WHAT TO DO:
In your copy, include every line of the listing below exactly but none of the pictures.

___ DATA TO USE ___

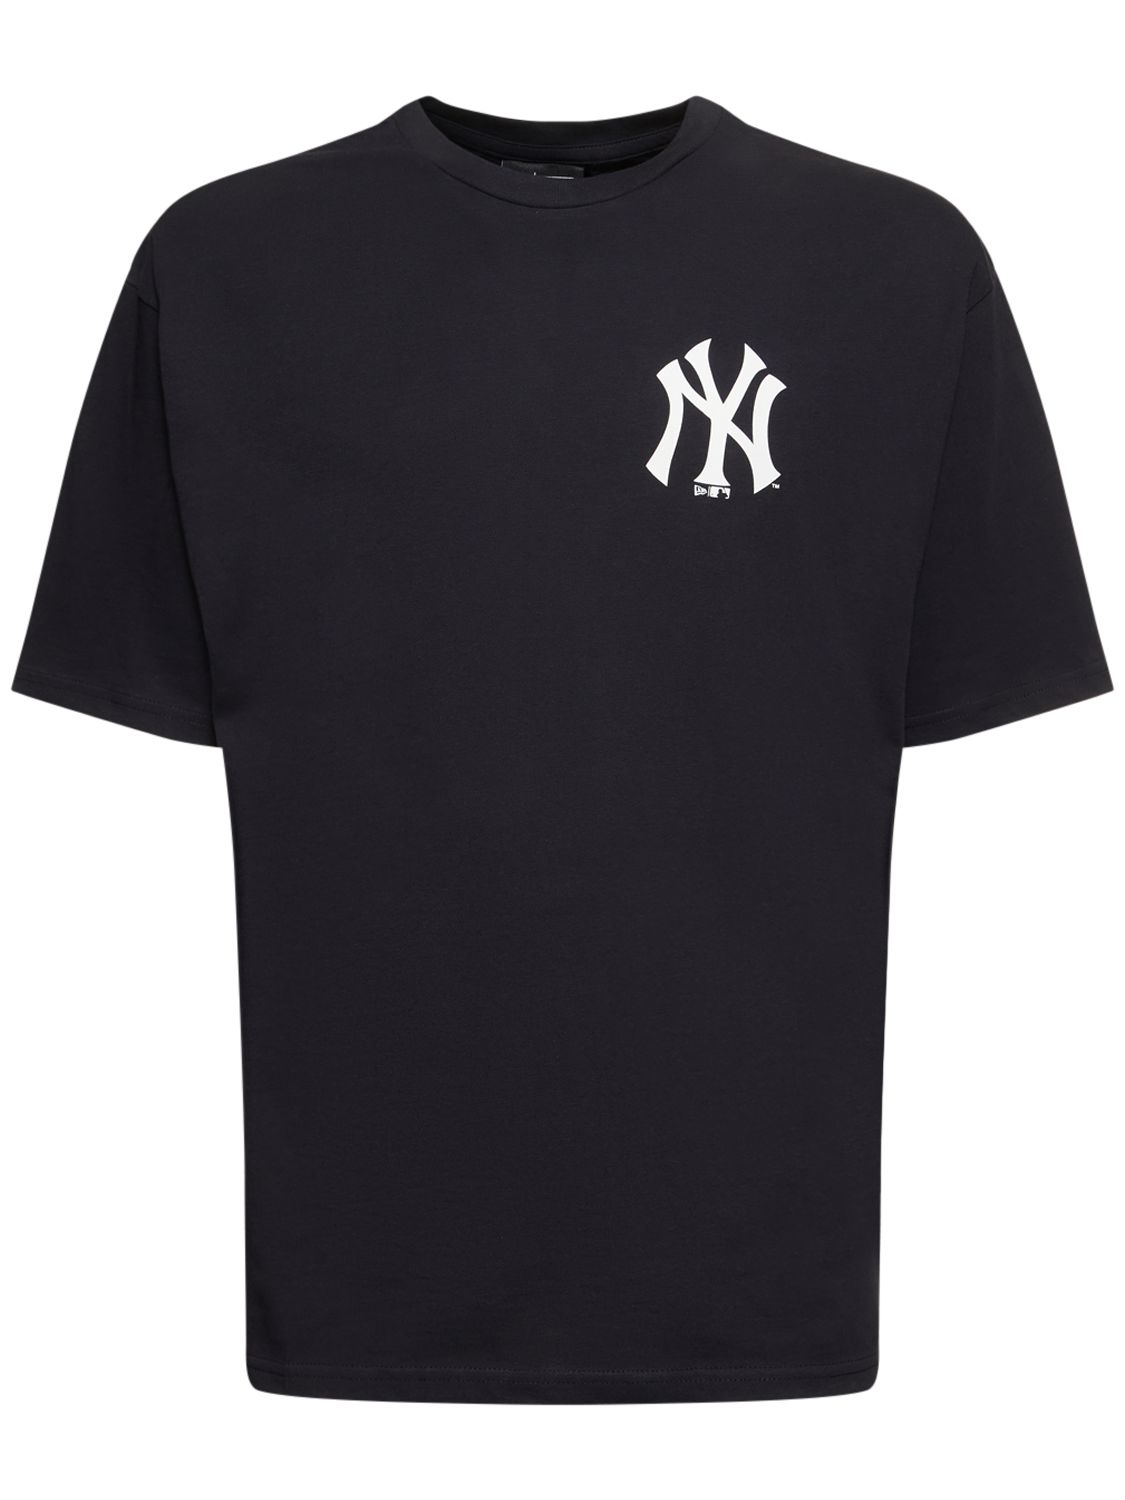 Yankee Stadium Printed Cotton T-shirt
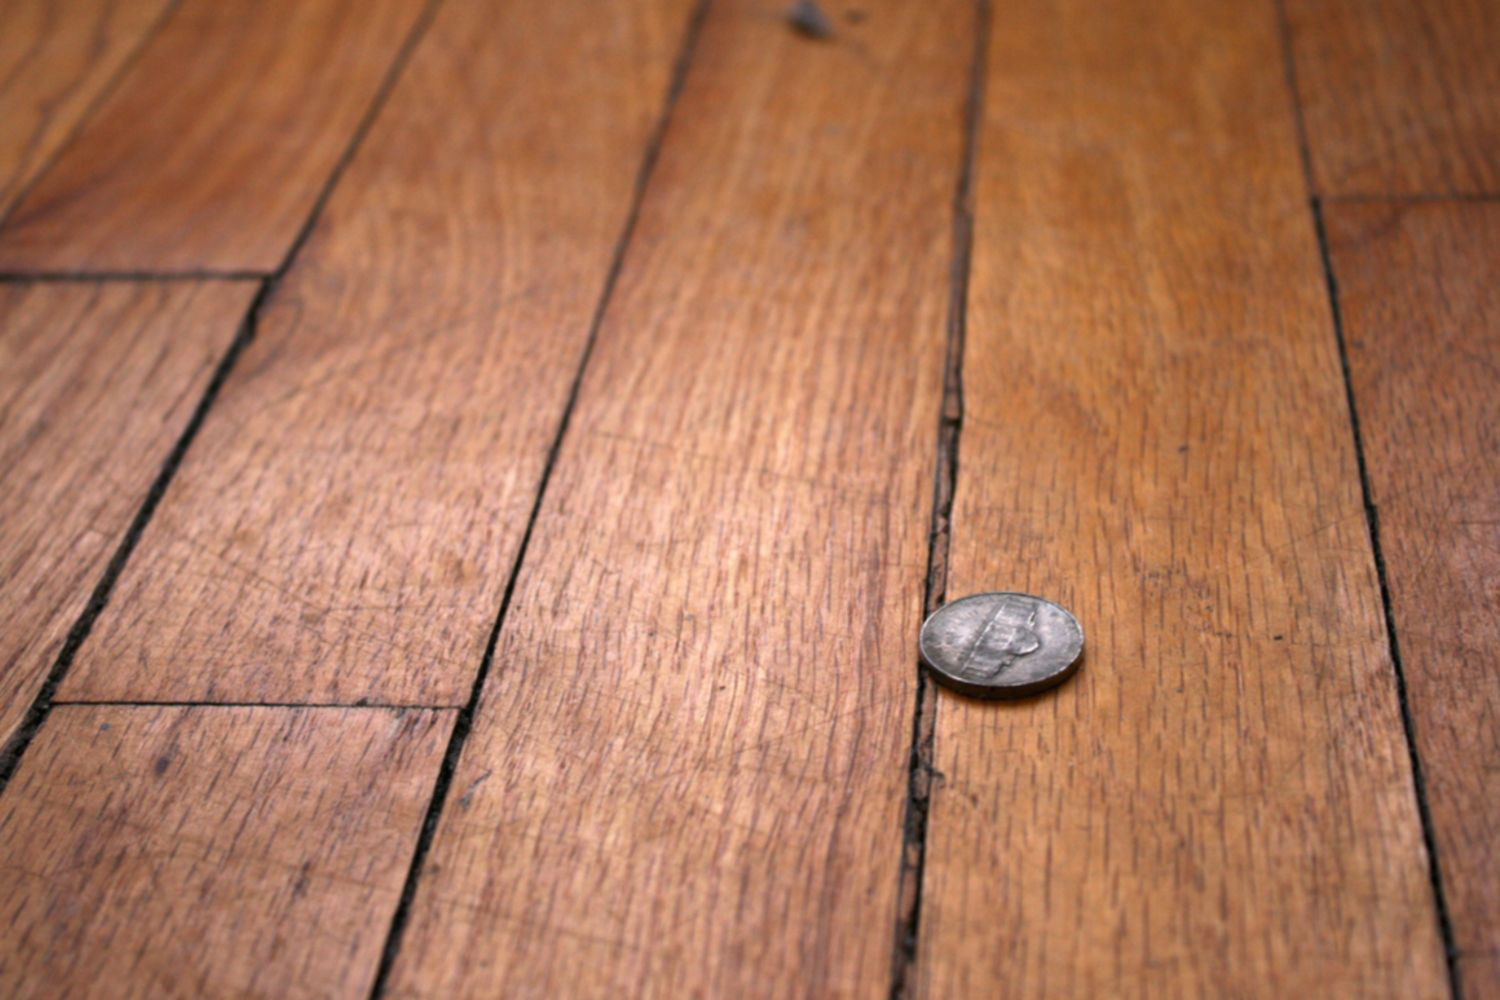 Reusing Old Hardwood Flooring Of How to Repair Gaps Between Floorboards with Regard to Wood Floor with Gaps Between Boards 1500 X 1000 56a49eb25f9b58b7d0d7df8d
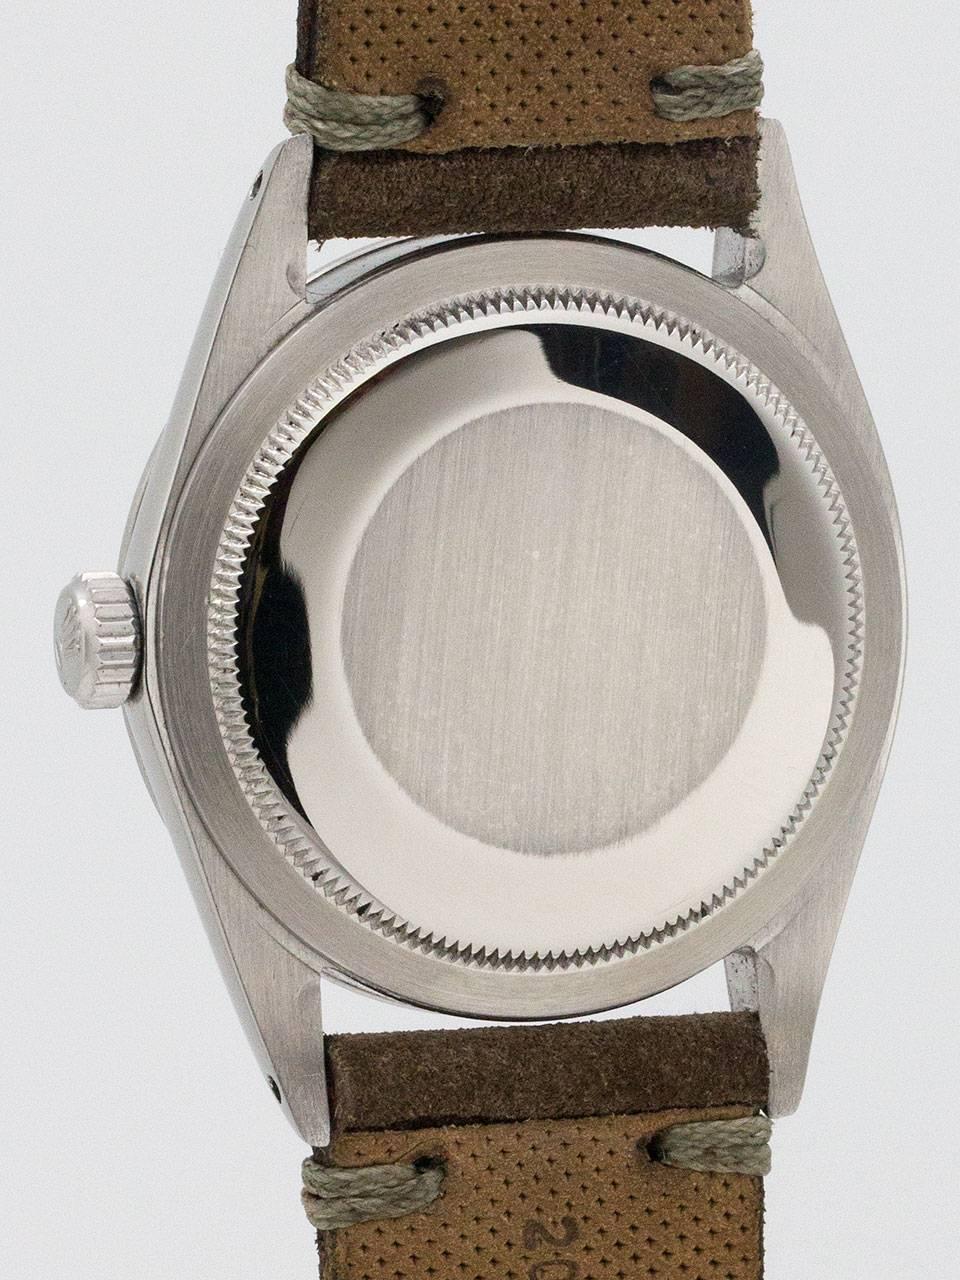 Men's Rolex Stainless Steel Explorer 1 Wristwatch ref 1016 circa 1969
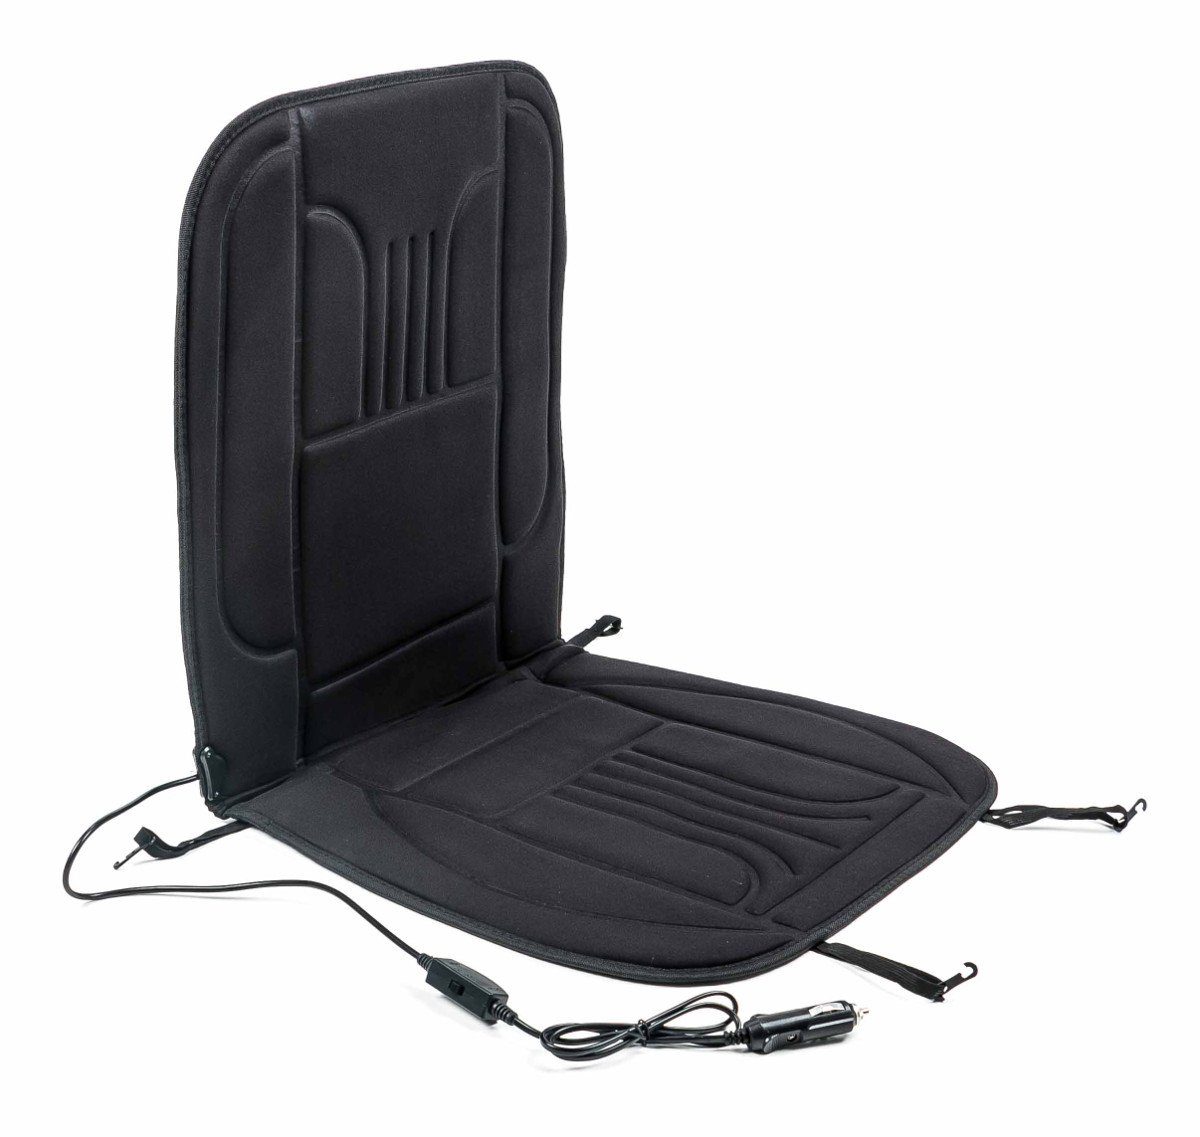 Modell 02 Sinbide Auto Heizkissen Heizbare Sitzauflage Sitzheizung Beheizbare Sitzauflage Sitzkissen 12V Temperatur Einstellbar Heizstufe mit Premium Zigarettenanzünderstecker 2 STK 
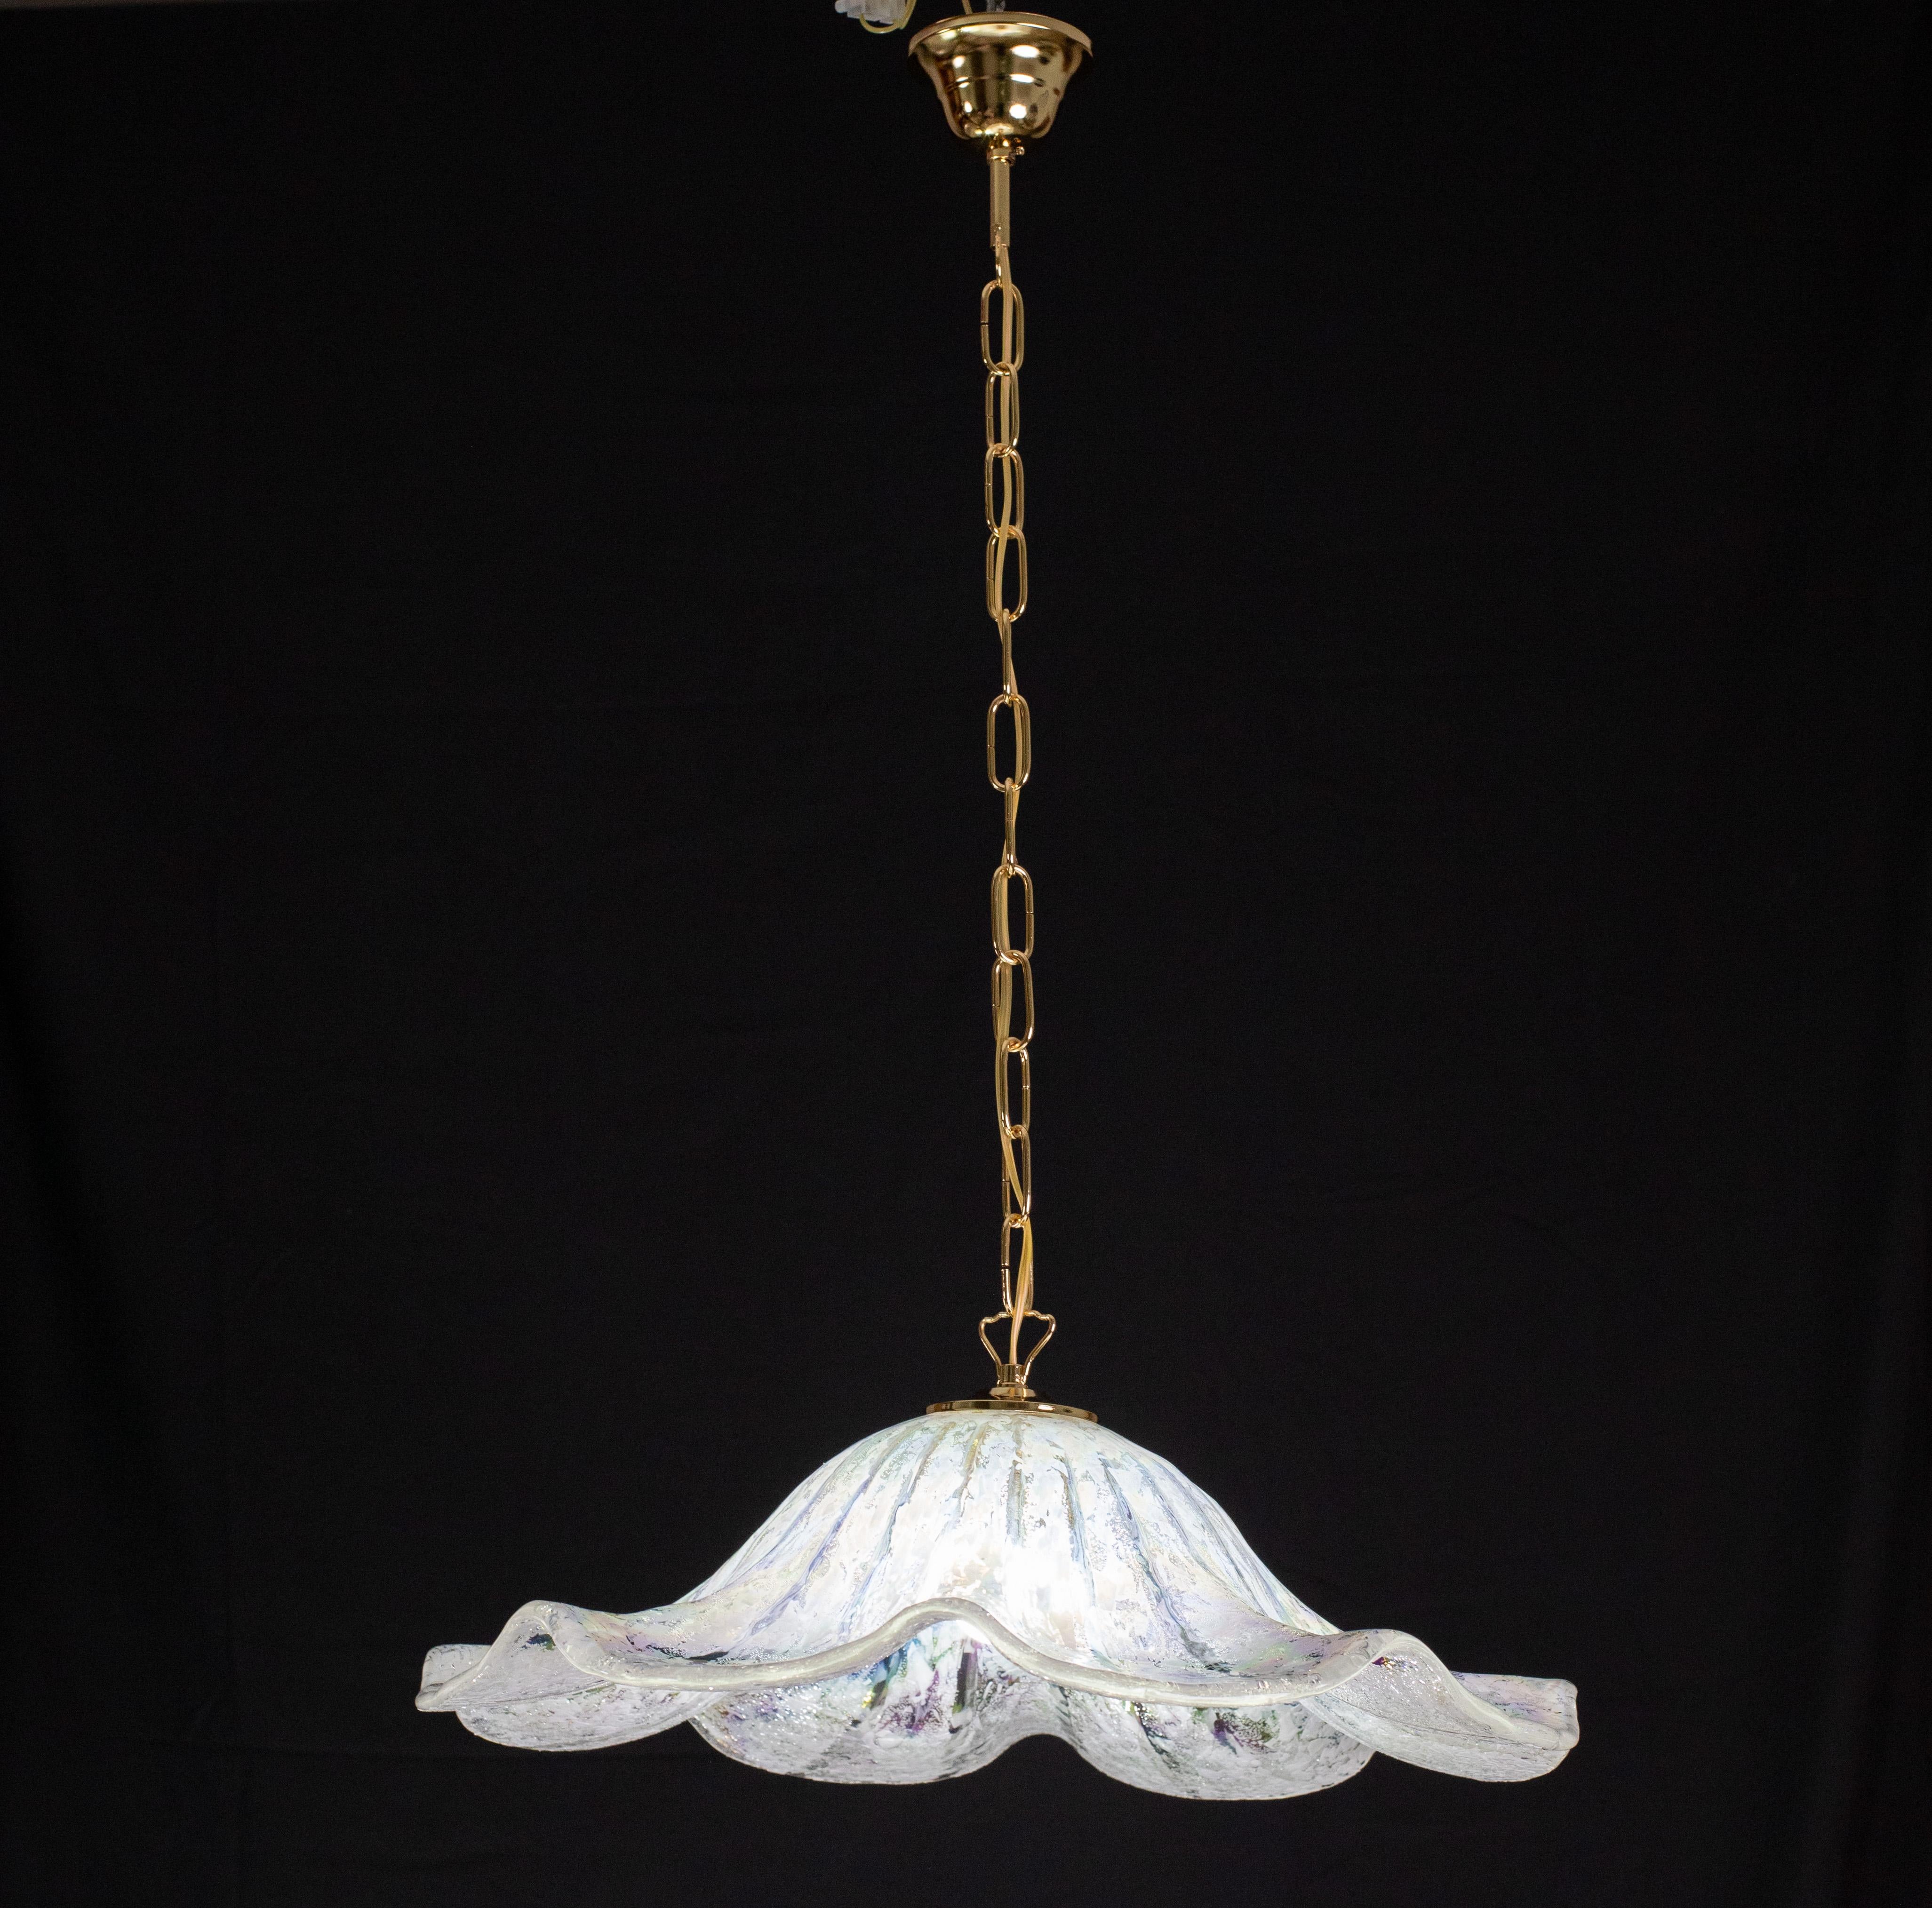 Wunderschöner Vintage-Kronleuchter aus Murano aus mundgeblasenem Perlenglas mit mehrfarbigem Regenbogenglas.

Das Glas hat die Form einer Scheibe oder eines Hutes.

Der Kronleuchter ist mit einem e27-Leuchtmittel bestückt, die Kette und die Rosette

___

SOLUTION TO THIS PROBLEM:
 Yankee Stadium Printed Cotton T-shirt
 Reusing Old Hardwood Flooring Of How to Repair Gaps Between Floorboards with Regard to Wood Floor with Gaps Between Boards 1500 X 1000 56a49eb25f9b58b7d0d7df8d
 Men's Rolex Stainless Steel Explorer 1 Wristwatch ref 1016 circa 1969
 Modell 02 Sinbide Auto Heizkissen Heizbare Sitzauflage Sitzheizung Beheizbare Sitzauflage Sitzkissen 12V Temperatur Einstellbar Heizstufe mit Premium Zigarettenanzünderstecker 2 STK 
 Wunderschöner Vintage-Kronleuchter aus Murano aus mundgeblasenem Perlenglas mit mehrfarbigem Regenbogenglas.

Das Glas hat die Form einer Scheibe oder eines Hutes.

Der Kronleuchter ist mit einem e27-Leuchtmittel bestückt, die Kette und die Rosette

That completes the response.